Quem observa o pequeno João Lucas, de seis meses, tranquilo no colo de Andreia de Andrade nem imagina, mas ele e a jovem mãe de 24 anos percorrem mais de 180 quilômetros, três vezes por semana, em um transporte tipo lotação para chegar até o Recife, onde o bebê é acompanhado por causa da microcefalia. Eles são moradores de Belo Jardim, interior de Pernambuco. A cada viagem, Andreia paga R$ 100. Para ajudar nas contas a jovem tenta acessar o Benefício de Prestação Continuada (BPC), do governo federal, mas a espera para conseguir atendimento é de meses.
Sonora: “Eu fui, dei entrada, agendou um dia. Só que no dia que eu fui lá não tem perito para microcefalia. Eles disseram que tinha quer ter um especialista. Mas o caso é tão novo que eu acho que nem tem, mas assim, se a minha cidade não tem o perito devia me mandar para outro canto que tivesse. Mas eu estou aguardando, me deram um novo papel para ir no dia 4 de abril”.
O benefício daria à família de Andeira uma renda extra de R$ 880. Ele é concedido a pessoas com deficiência, de baixa renda, que tenham impedimentos físicos ou mentais de longo prazo. Para suportar meses sem o benefício a que tem direito, Andreia só conta com o salário-mínimo do marido, já que ela, que era vendedora, saiu do emprego para cuidar do filho. E nem o transporte da prefeitura ela conseguiu.
Sonora: “Fui lá para agendar, mas não consegui, o ônibus já estava lotado. E eu não posso perder as consultas e tenho que dar um jeito de trazer ele. Porque ficar sem atendimento a criança não pode. E se o benefício saísse me ajudaria muito na questão do transporte porque dificulta muito. E também no financeiro, porque aí tem remédio, vem o leite, fralda, aí quando a gente vai juntar o orçamento, passa”.
Ao saber do caso de Andreia, o superintendente do INSS no Nordeste, Rolnei Tosi, argumentou que vai pedir à agência do município informações sobre o motivo do reagendamento, já que, segundo ele, não existe a necessidade de contratação de um especialista em microcefalia.
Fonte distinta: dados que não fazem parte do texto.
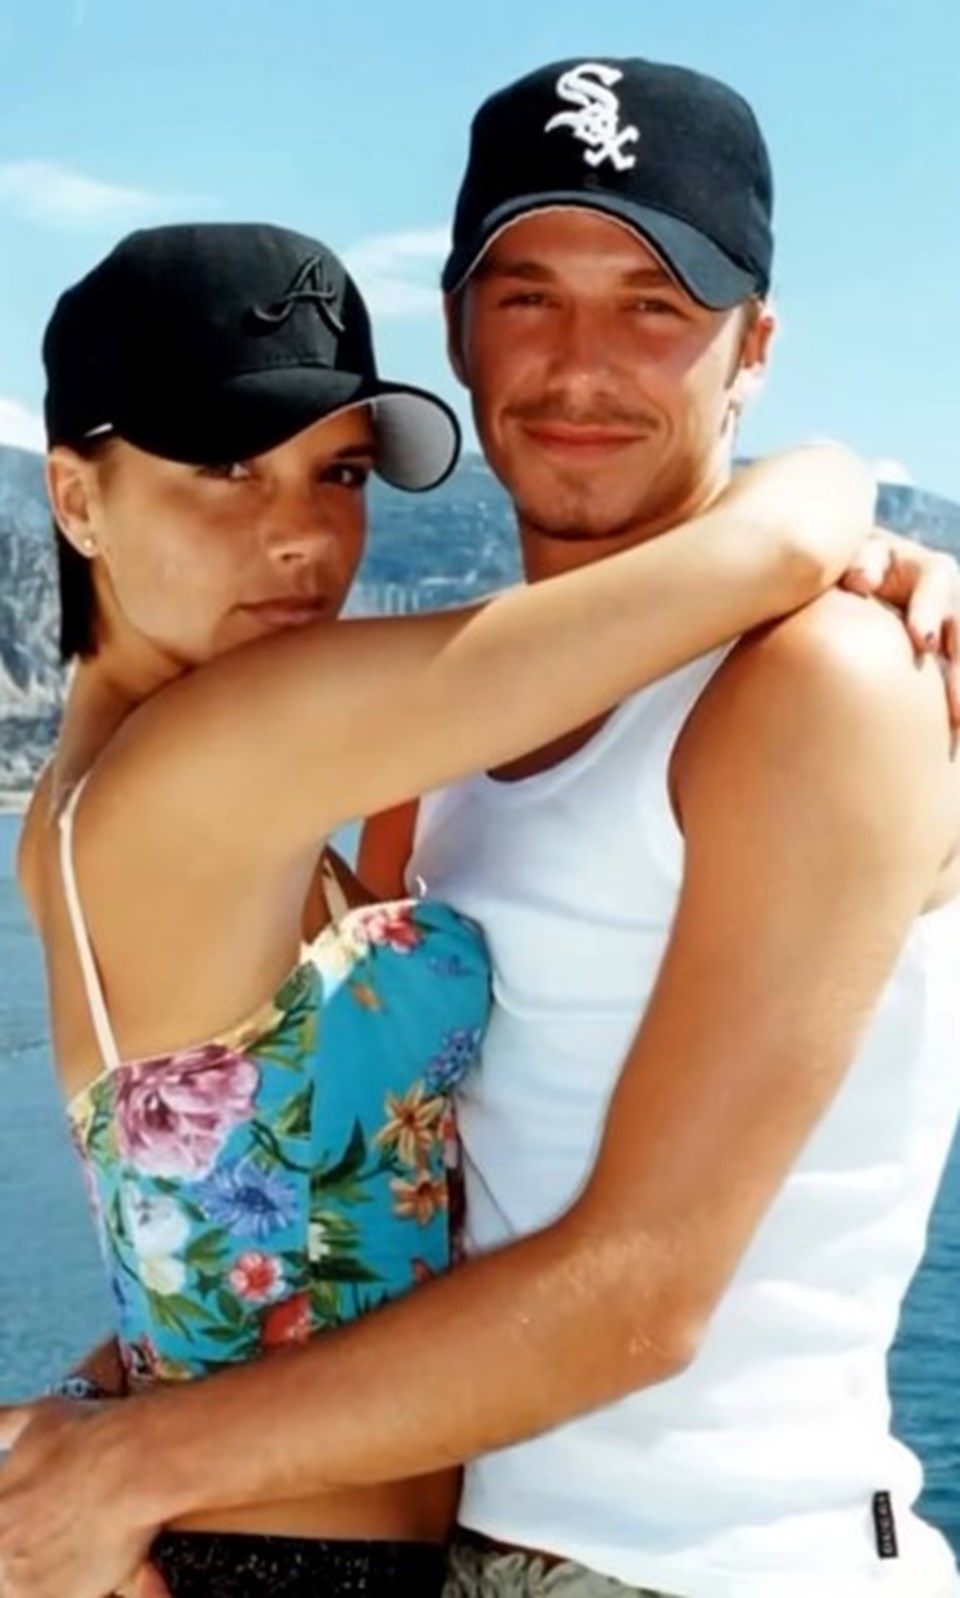 From David Beckham to Victoria Beckham: Happy birthday to my beautiful wife - 2

Sonora: “Se já vem todo o laudo do hospital, com todos os documentos, que a pessoa está com microcefalia, ela é considerada uma deficiente e pode ser concedido o BPC. Então a gente vai procurar saber mais informações porque não tinha chegado nenhum caso que o médico tinha se recusado a atender”.
Ainda segundo o superintendente do INSS, um dos motivos para a demora da perícia é a quantidade alta de procedimentos que não foram realizados nos últimos meses por causa da greve dos médicos peritos, que durou mais de cinco meses e acabou no último dia 22 de fevereiro.
Sonora: “Por conta da greve realmente algumas agências chegam até a 90 dias, mas estamos dando prioridade a casos mais complexos. Eles estão atendendo três a quatro perícias a mais todo dia, e algumas gerências estão se propondo a fazer mutirão no fim de semana só para fazer perícia médica”.
Em Pernambuco, 30 pedidos para acessar o BPC já foram feitos por famílias que têm bebês com microcefalia: cinco no Recife, 15 na gerência de Caruaru, oito na de Garanhuns e três na de Petrolina. Apenas os cinco casos do Recife já passaram por perícia. Até a última sexta-feira nenhum deles já havia recebido a primeira parcela.
* O Benefício de Prestação Continuada é concedido a pessoas com deficiência de qualquer idade ou idosos de mais de 65 anos, desde que tenham impedimentos de longo prazo, de natureza física ou mental, e atendam ao critério da renda. A transferência mensal é de um salário-mínimo, e não é preciso ter contribuído com a Previdência Social.
Para acessar o BPC, é preciso passar por uma perícia médica da Previdência Social, que vai identificar se há deficiência e qual o grau de impedimento que ela impõe à pessoa avaliada. O início do processo é feito em uma agência do INSS. É possível agendar atendimento pelo telefone 135 (ligação gratuita) ou pela internet (previdenciasocial.gov.br).